Pictures aside, the data must be reproduced exactly.
··· DATA ···
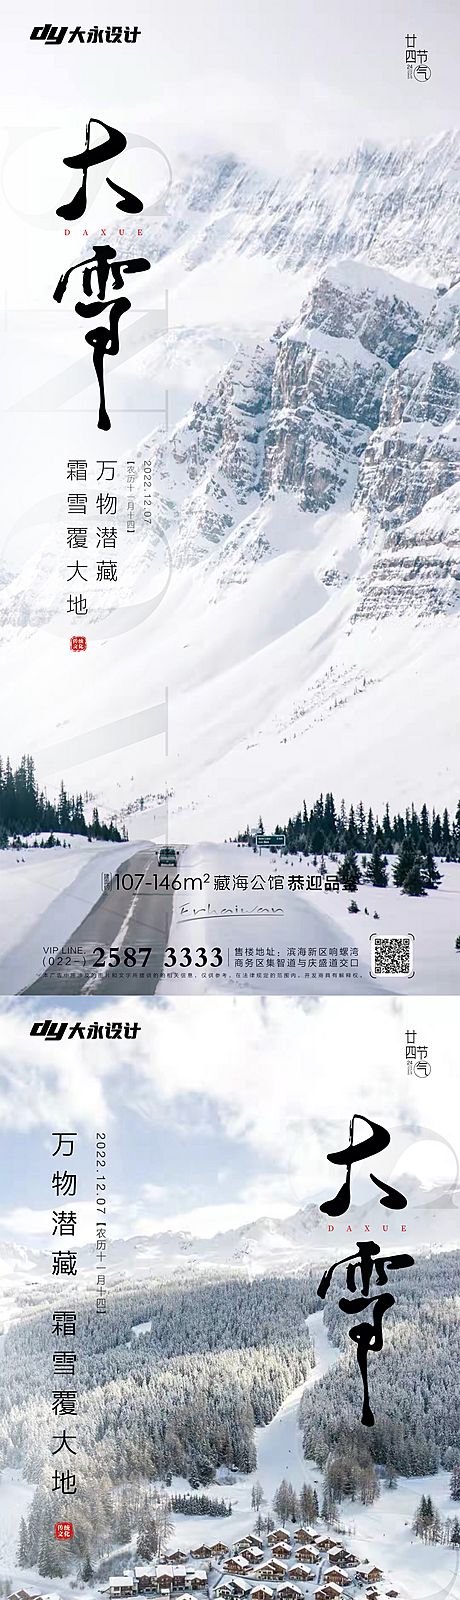 仙图网-小雪大雪房地产海报
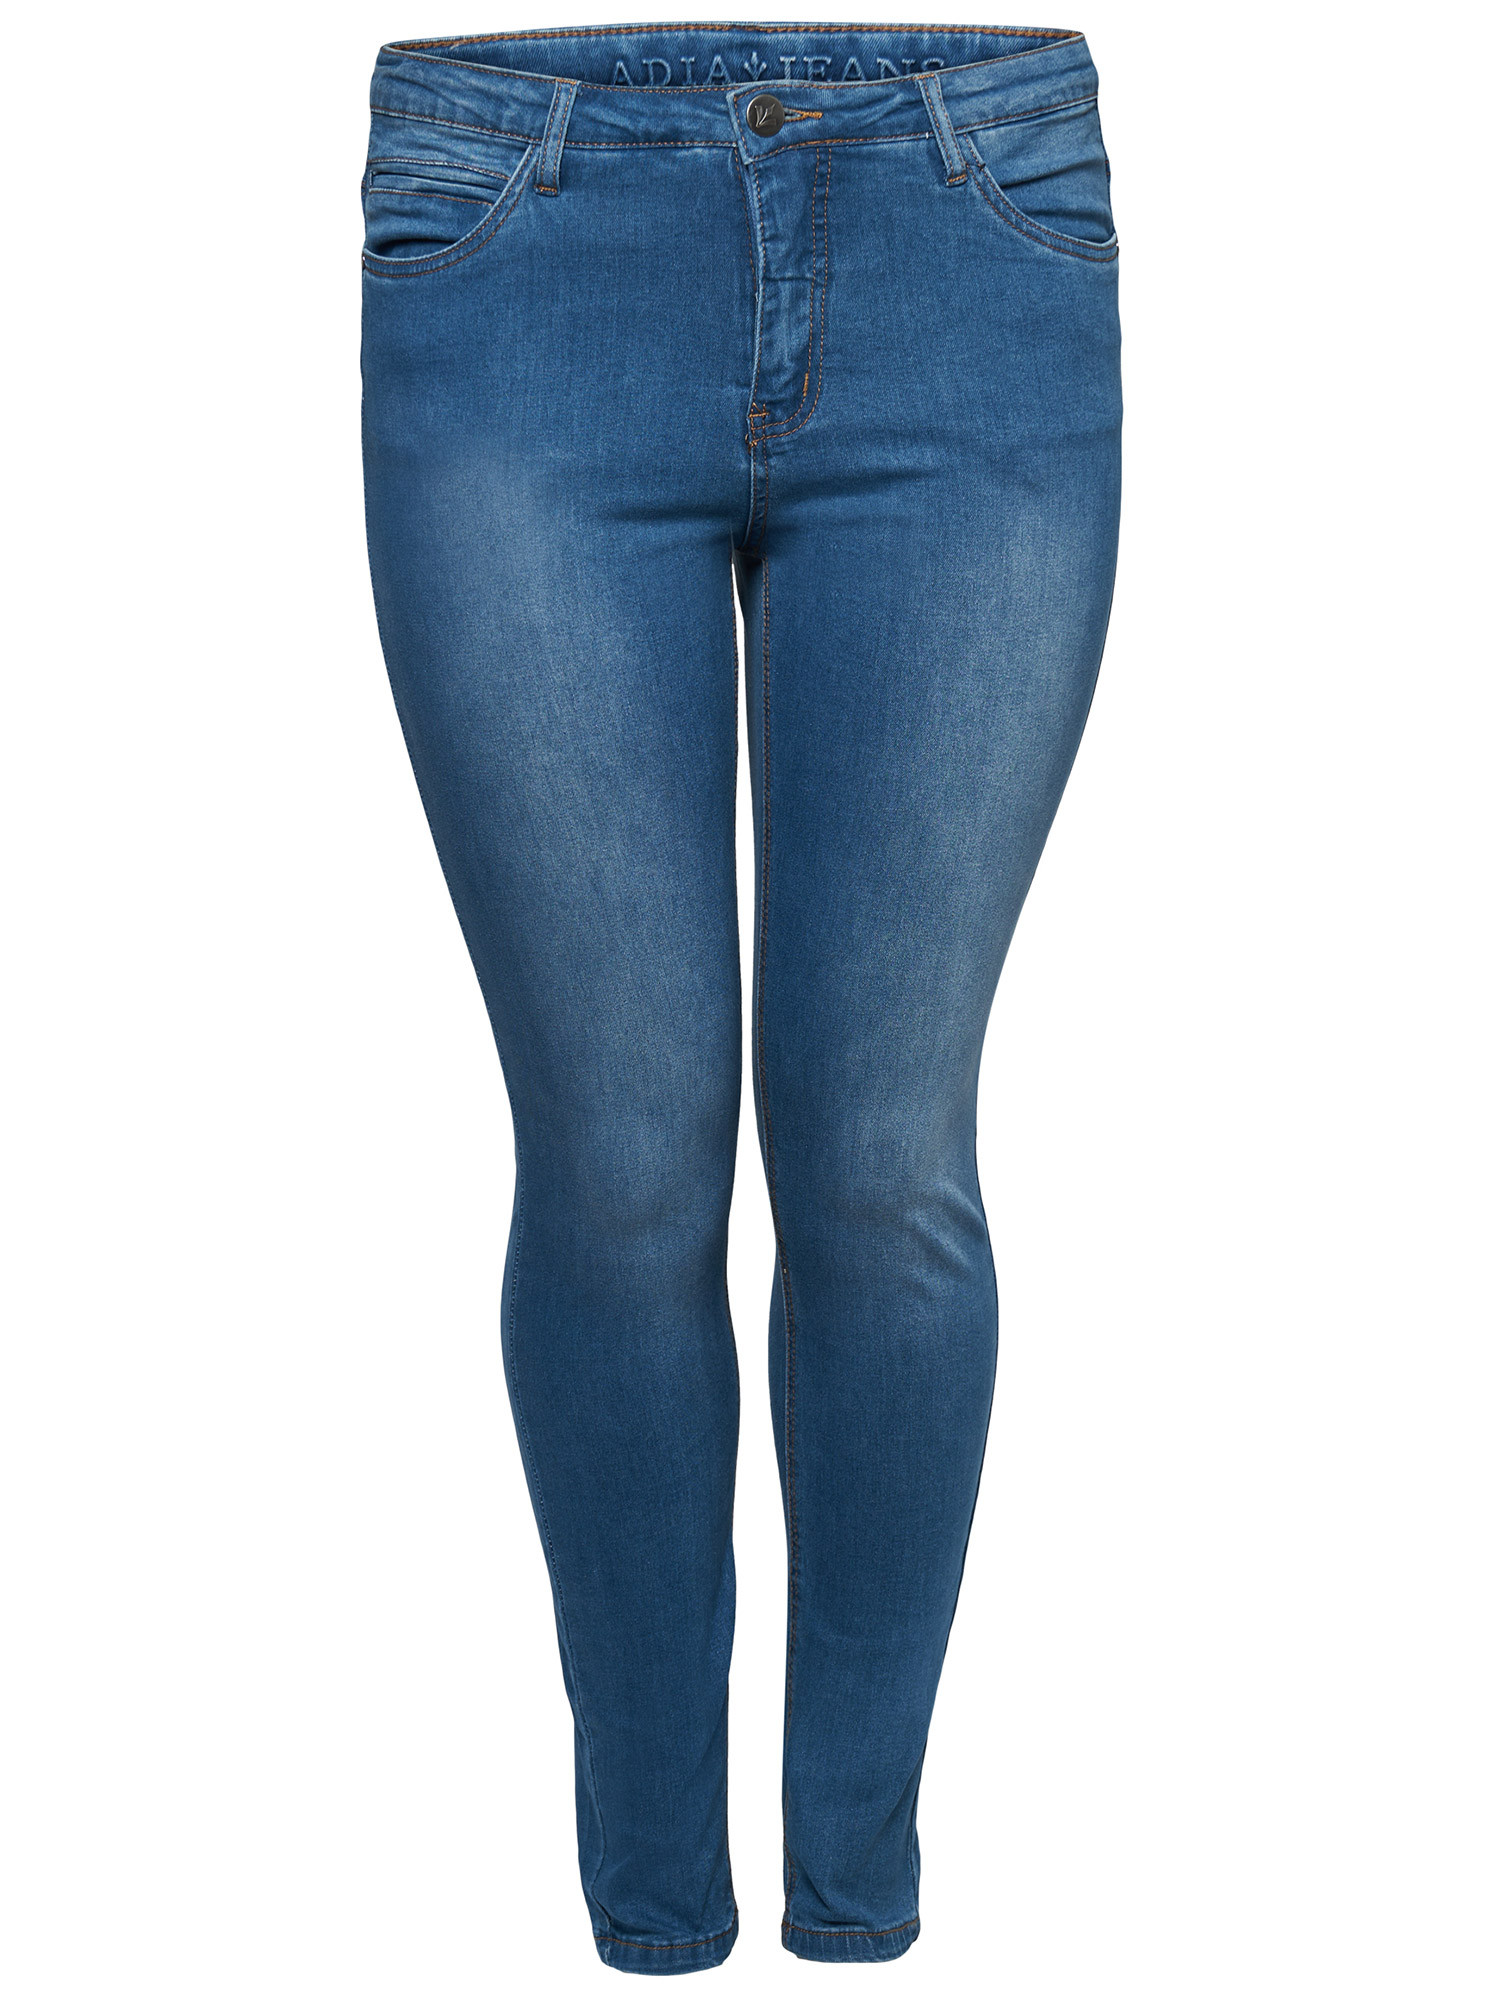 MILAN - Mørkeblå jeans
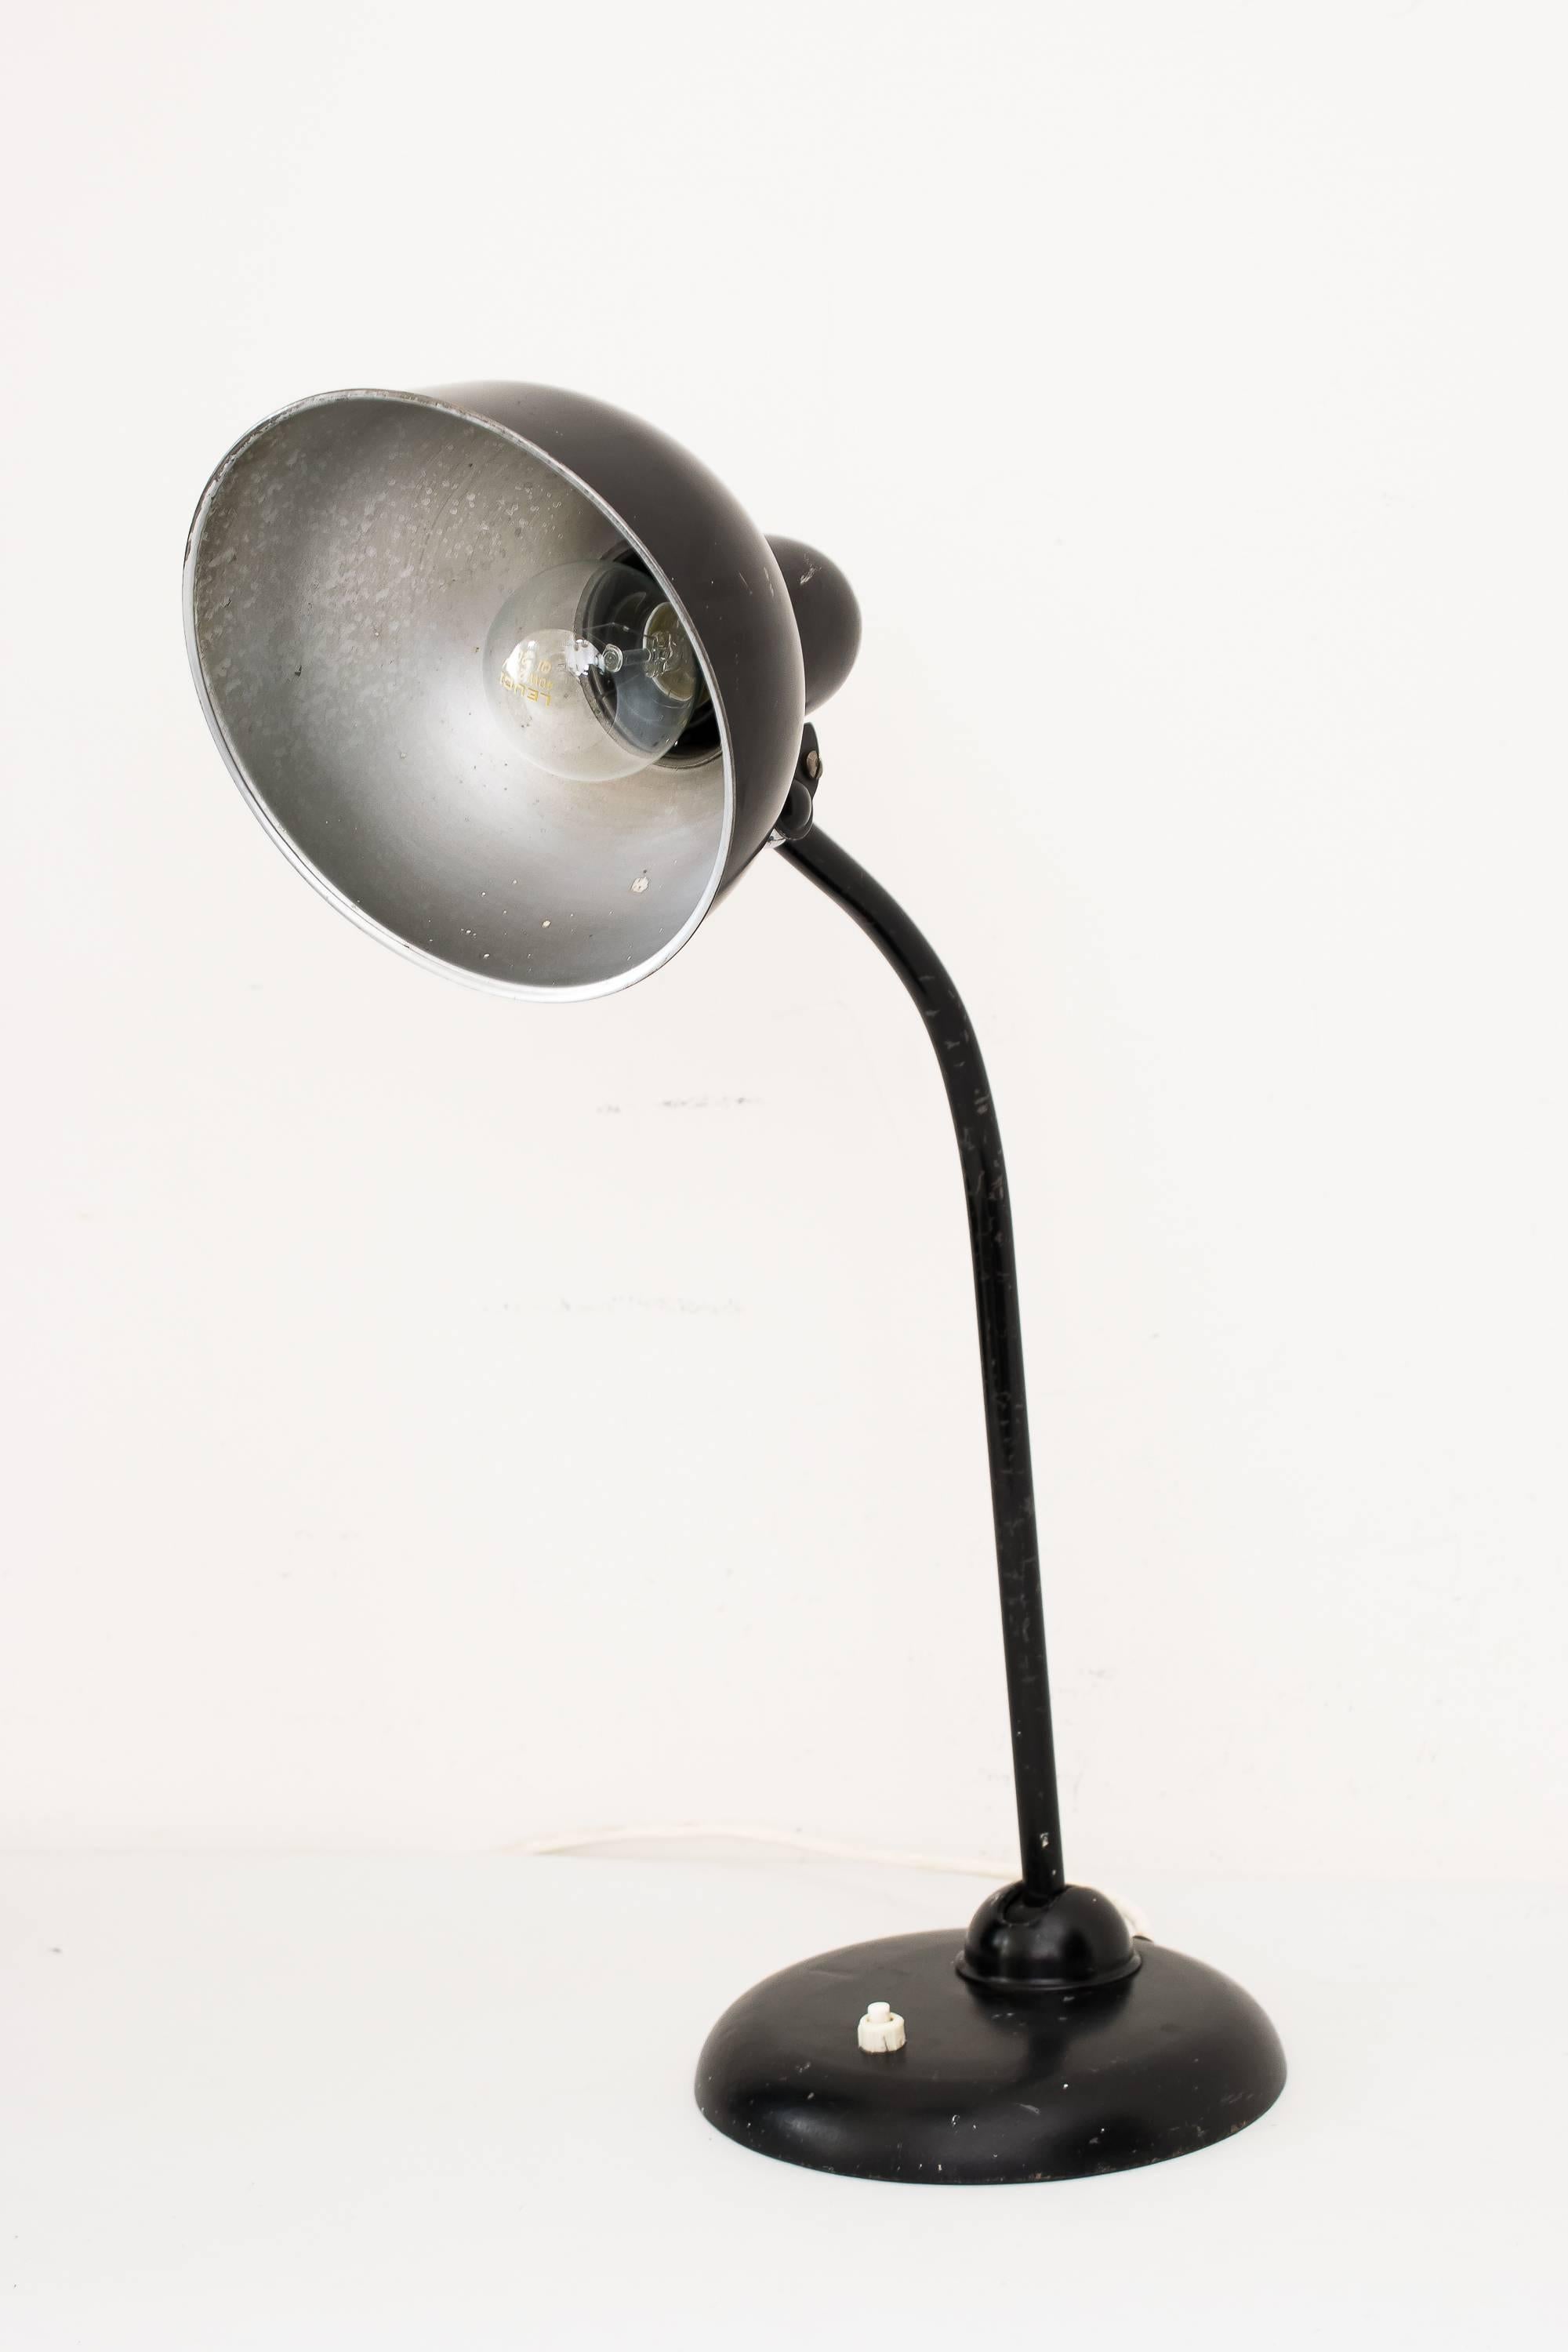 Verstellbare Schreibtischlampe aus emailliertem Stahl, entworfen von Christian Dell für Idell Kaiser Deutschland, um 1930.
Ursprünglicher Zustand.
···
TASK OUTPUT -
 仙图网-小雪大雪房地产海报
 MILAN - Mørkeblå jeans
 Verstellbare Schreibtischlampe aus emailliertem Stahl, entworfen von Christian Dell für Idell Kaiser Deutschland, um 1930.
Ursprünglicher Zustand.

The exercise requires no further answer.